BRIEF
Each line below must be set down exactly; omit any image you find.

DATASET EXTRACT

● ● ● ● ●

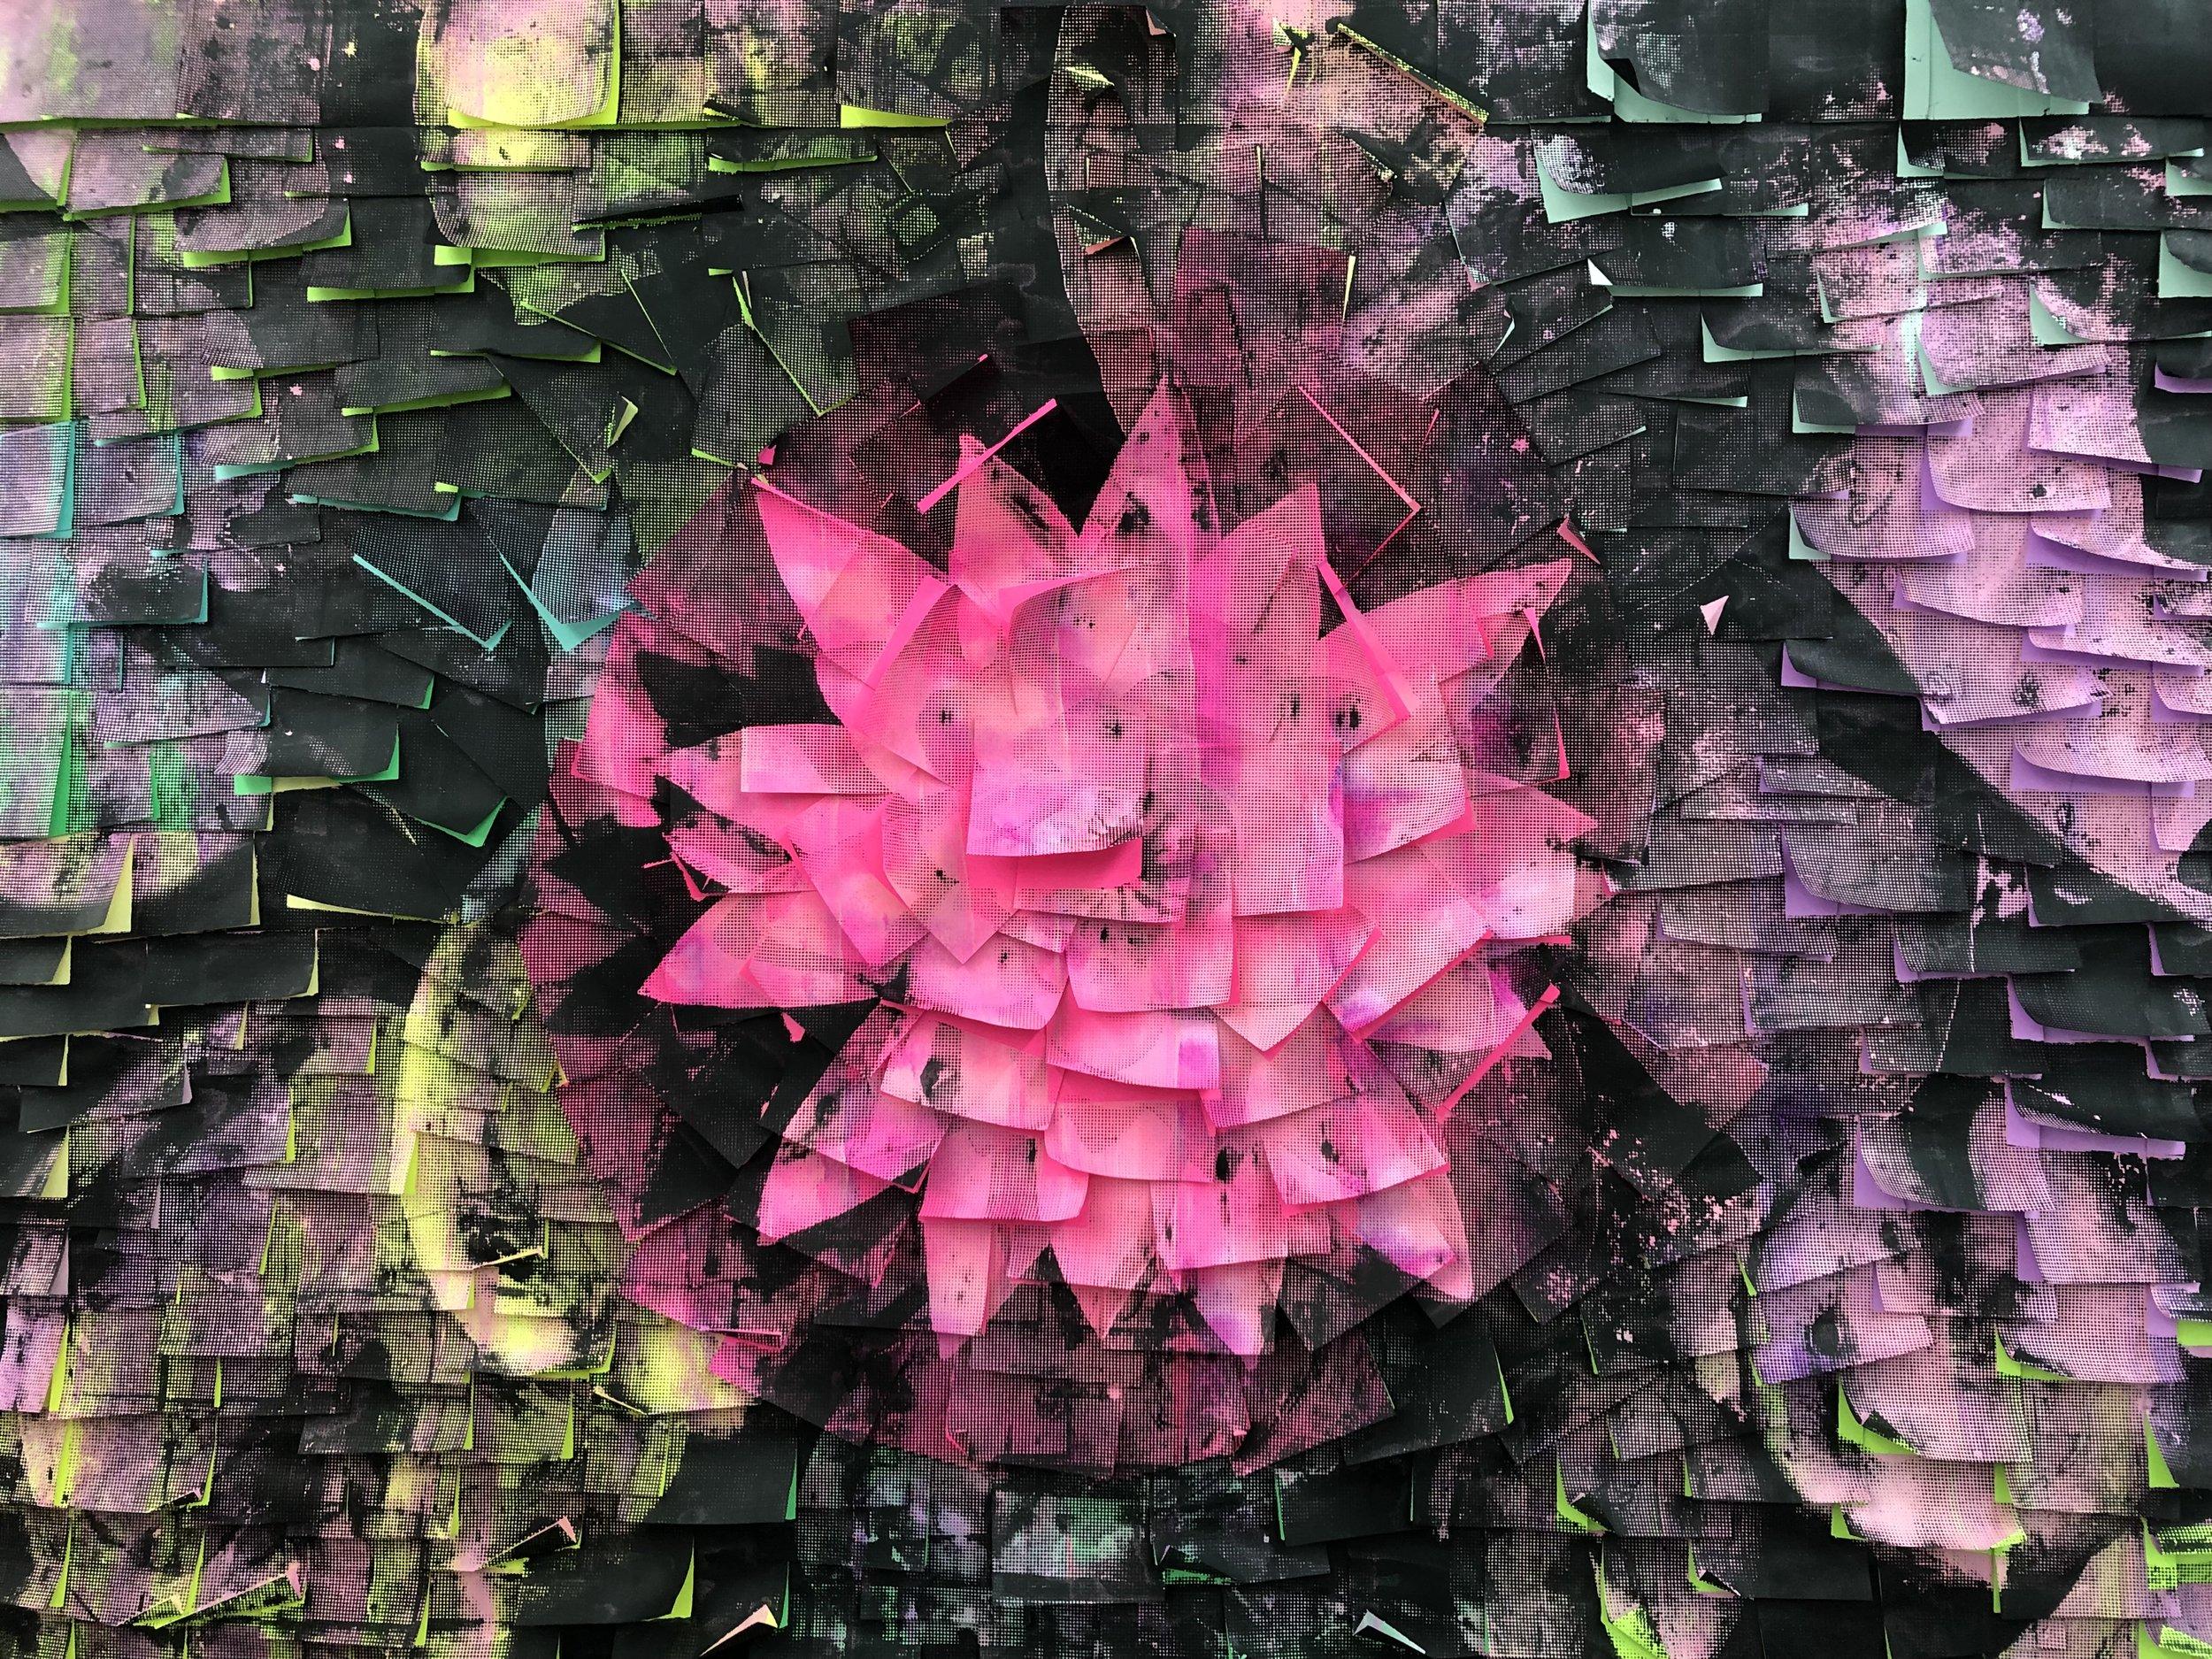 Anna Laudel Gallery, Ardan Özmenoglu, Allien, 2019, Painting and silk screen printing on post-it notes, 31.5x42in.jpg
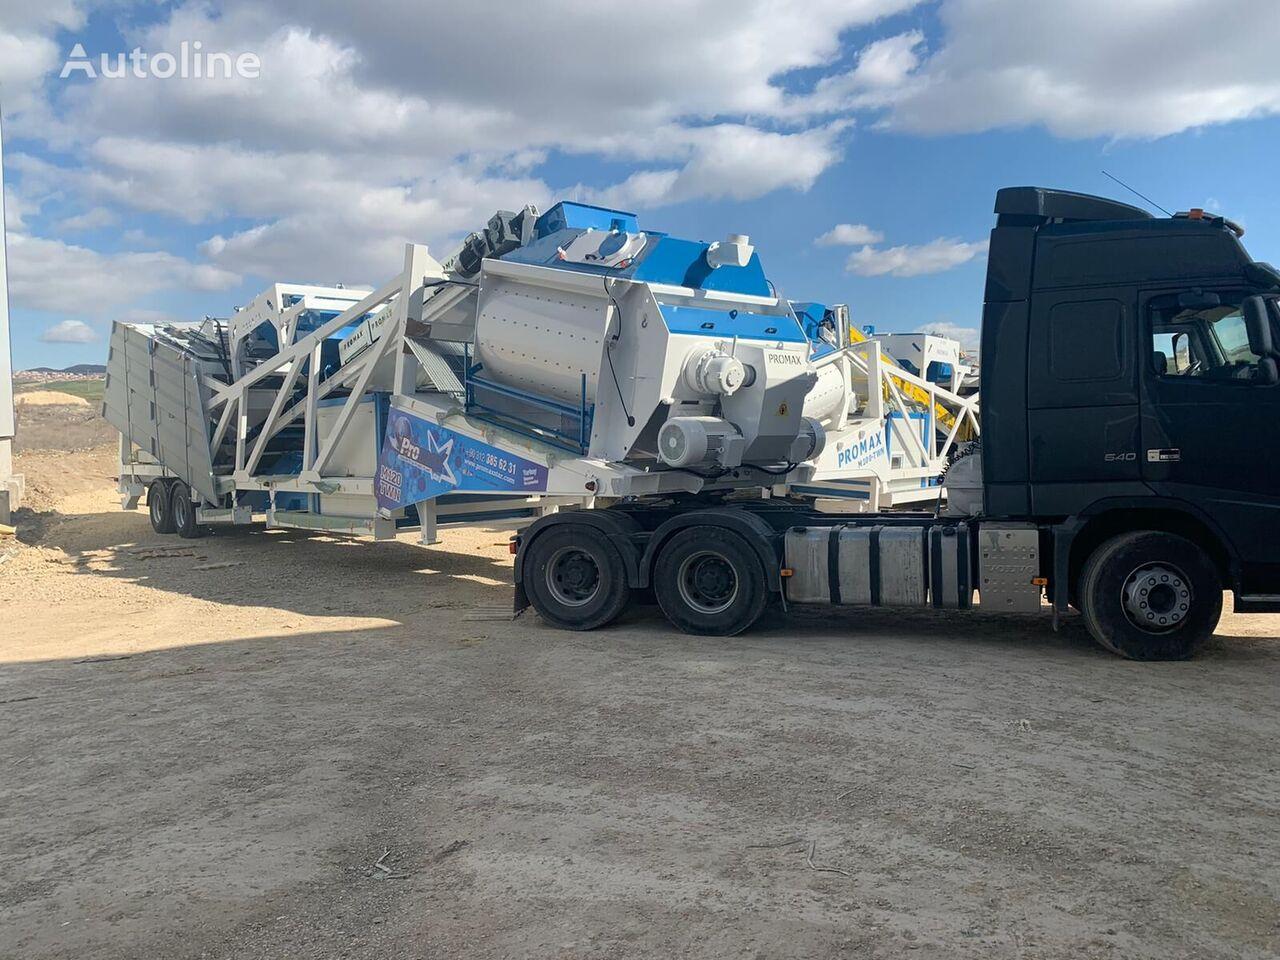 central de betão PROMAX Mobile Concrete Batching Plant M120-TWN (120m3/h) novo
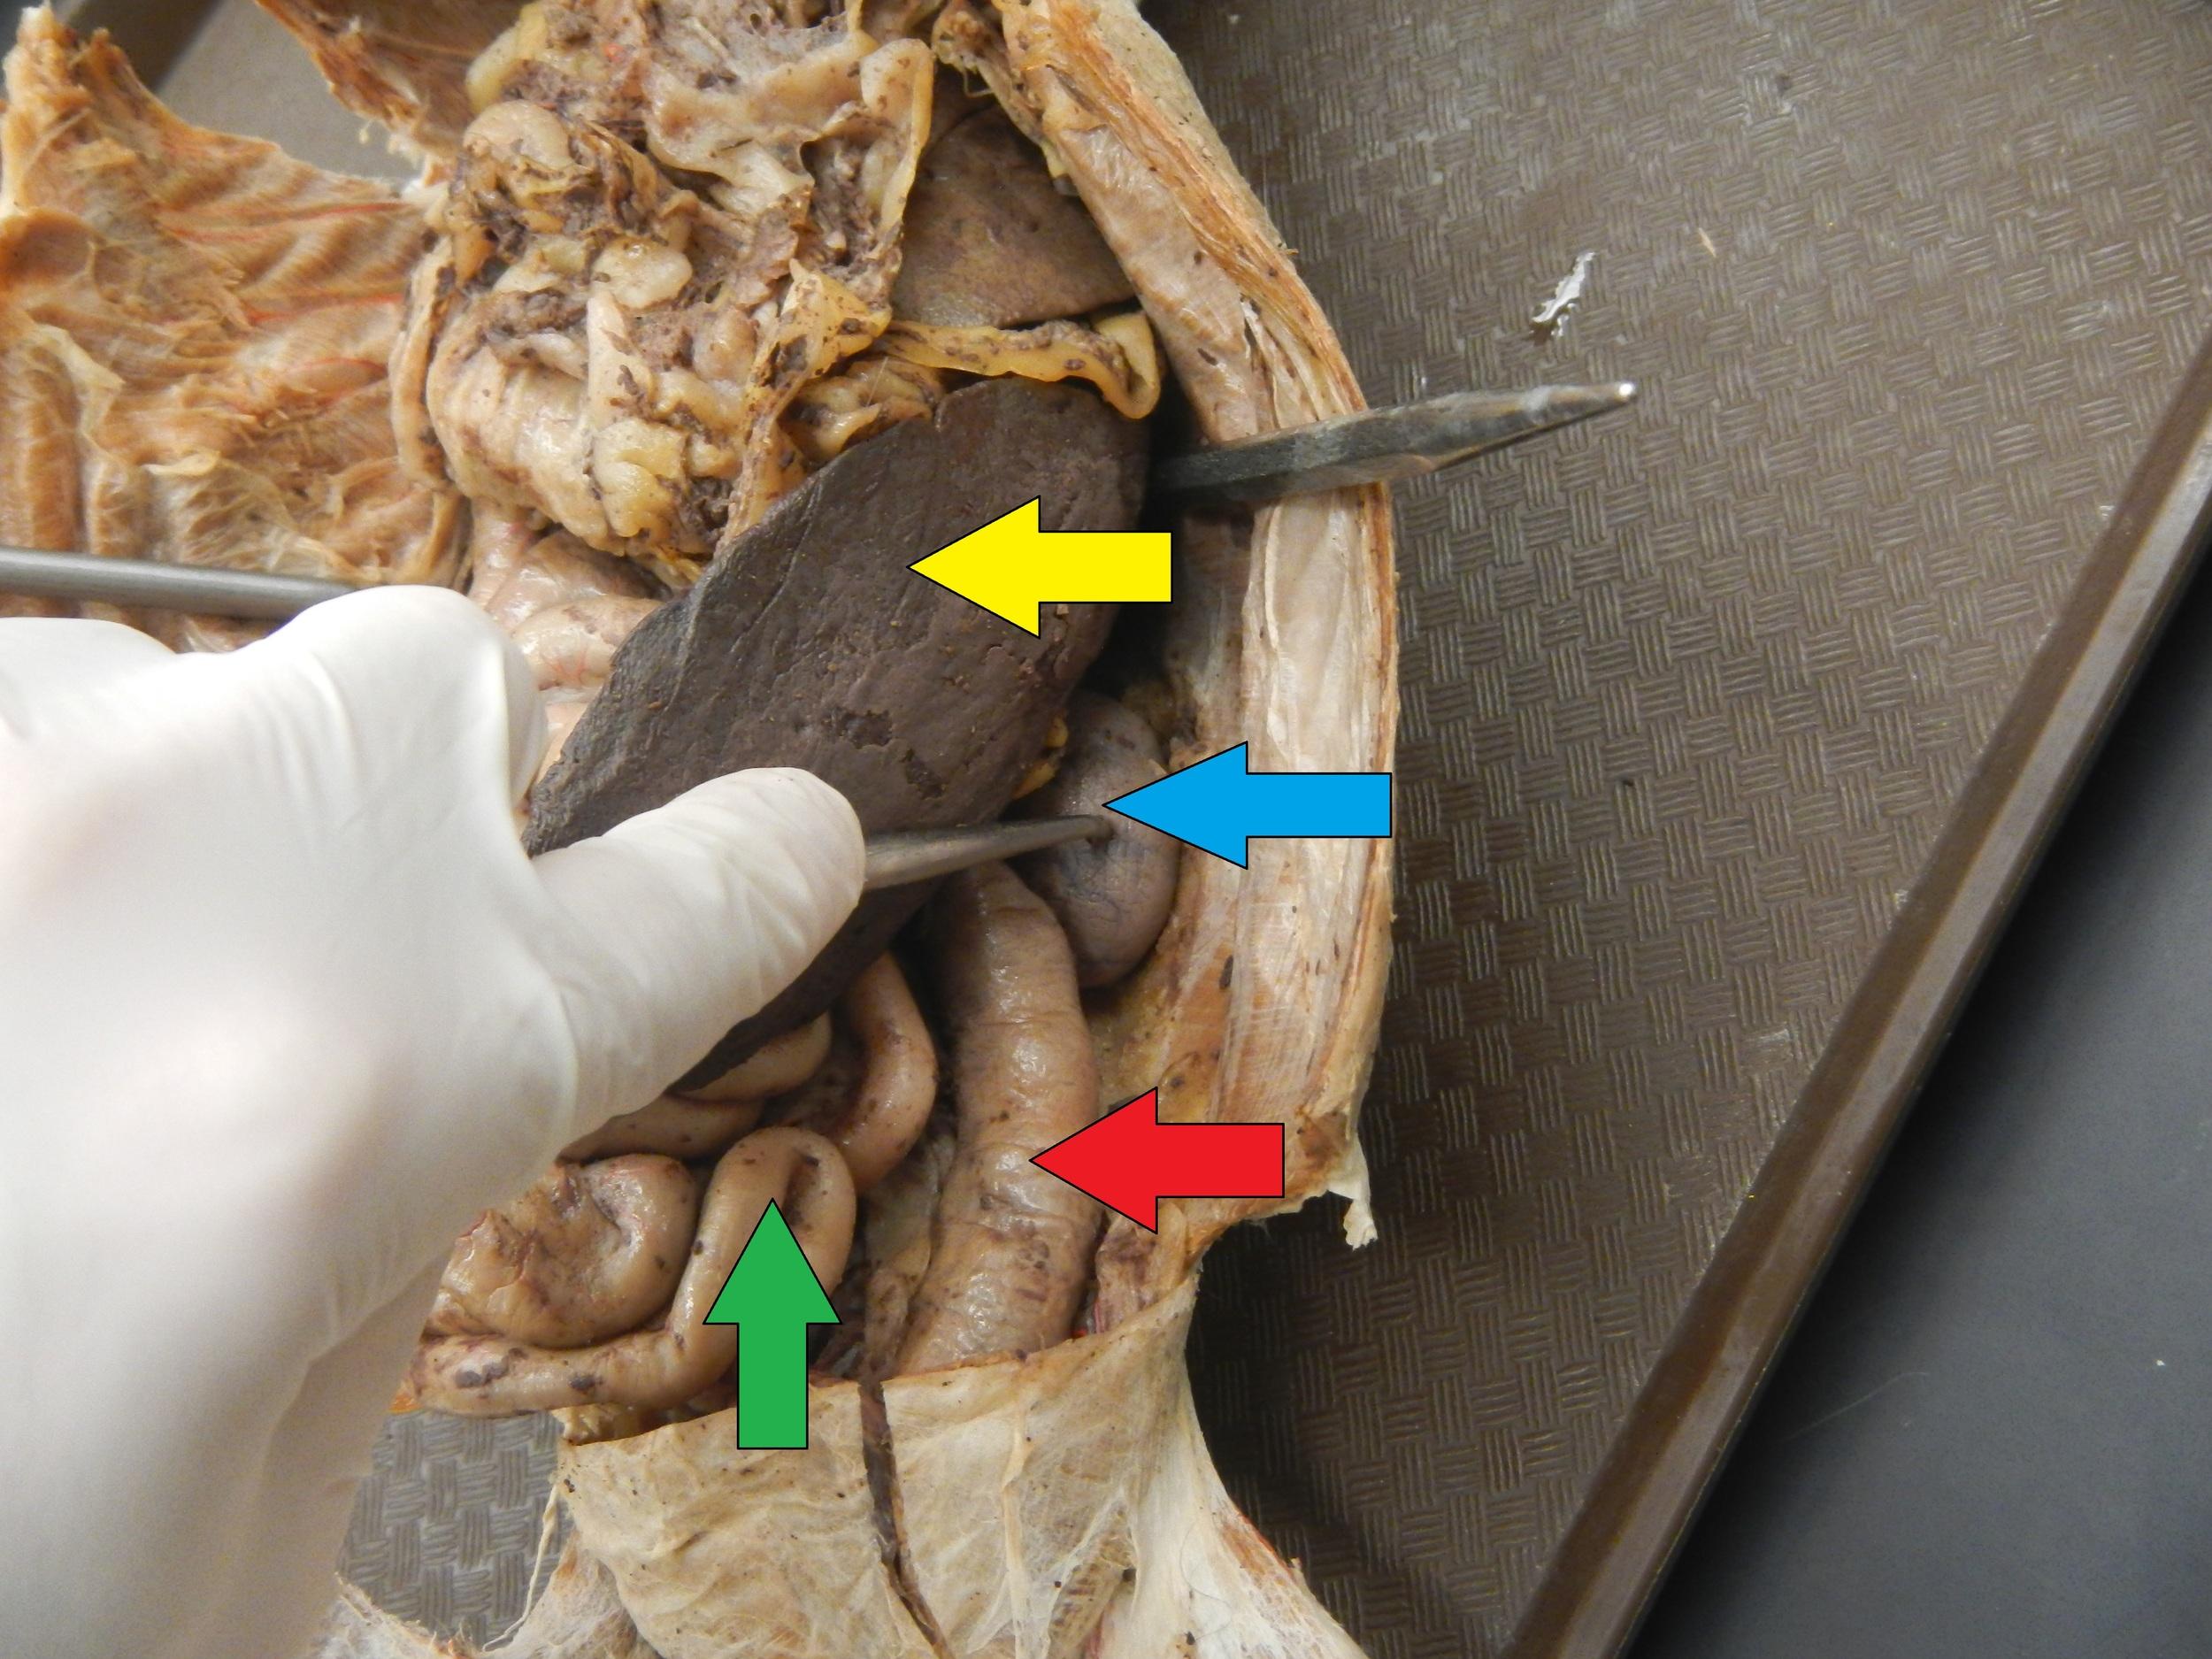 Yellow - Spleen  Blue - Left Kidney  Red - Large Intestine  Green - Small Intestine

● ● ● ● ●

PROBLEM SOLUTION
 Anna Laudel Gallery, Ardan Özmenoglu, Allien, 2019, Painting and silk screen printing on post-it notes, 31.5x42in.jpg
 central de betão PROMAX Mobile Concrete Batching Plant M120-TWN (120m3/h) novo
 Yellow - Spleen  Blue - Left Kidney  Red - Large Intestine  Green - Small Intestine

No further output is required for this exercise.